Confused What to Buy? Know the Common Types of Car Batteries Today

Confused What to Buy? Know the Common Types of Car Batteries Today

What would your car be without car batteries? In many ways, these tiny electrical systems are the heart of your vehicle. Take it away and your car basically becomes a solid hunk of metal that's wasting valuable space in your garage.

It's inevitable that you're going to change your batteries over a period of time. Unfortunately, there are many kinds of batteries today, and can be quite confusing. Here are the types of batteries in the market today:

Starting, Lighting, and Ignition Batteries

Common Uses: Almost all vehicles Benefits: Easily accessible; ideally used to give short, but powerful bursts of energy.

This type of battery is common among all automobiles. They are often used to transfer power to the minor parts of your vehicle, such as the radio, lights, and ignition.  Truth is, your car won't be able to start without this battery.

Valve-Regulated Lead-Acid Batteries

Common Uses: Motorcycles, ATVs Benefits: Requires little maintenance; battery life tends to be longer

These batteries are often sealed, preventing spills. Consequently, this type of battery requires lesser maintenance. Its seal-proof feature is also the reason why they're often replaced instead of serviced.

There are two types of Valve-Regulated Lead-Acid Batteries: the Absorption Glass Mat (AGM) and the Gel Cell (GC) batteries. AGM comes in short bursts, but with a higher power rate. GC batteries function best for vehicles that use deep-cycle applications, such as marine vehicles. These deep cycle batteries provide sustained power over a long period of time, and only needs to be recharged once they're 80% (or more) discharged.

Lithium-Ion Batteries

Common Uses: Hybrid or Electric Vehicles Benefits: Recharges fast

Lithium-Ion batteries are lighter compared to the traditional lead-acid batteries, but they can store a huge amount of energy and recharge themselves quickly.

One disadvantage, however, is that it has a shorter lifespan, often lasting two to five years. They're also more expensive to maintain. Whatever the case, these batteries are ideal to use for hybrid and electric  vehicles.

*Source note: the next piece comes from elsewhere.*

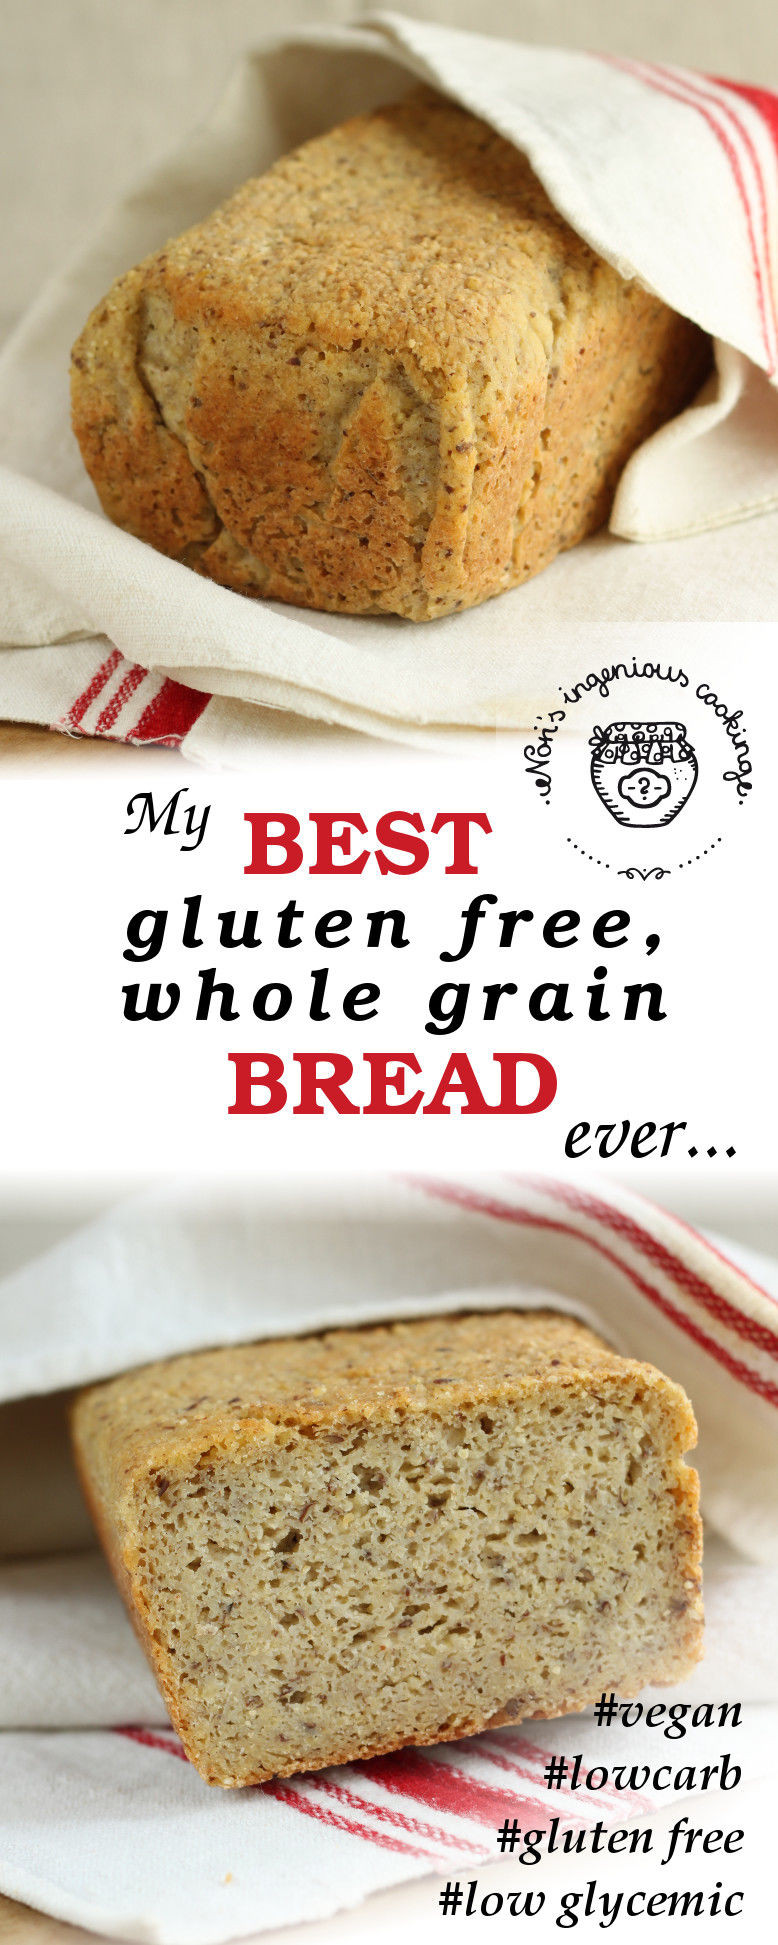 Best Gluten Free Bread
 My best gluten free whole grain bread ever vegan

Now that you know which type of battery to use for your vehicle, you should make sure that the one you're buying is  of the right size. It's also a good idea to buy those with the greatest reserve capacity; or a good alternative is to look for the highest amp hour rating that you can find. That way, you can fully maximize your battery's life and perhaps save a few pesos on the side as well.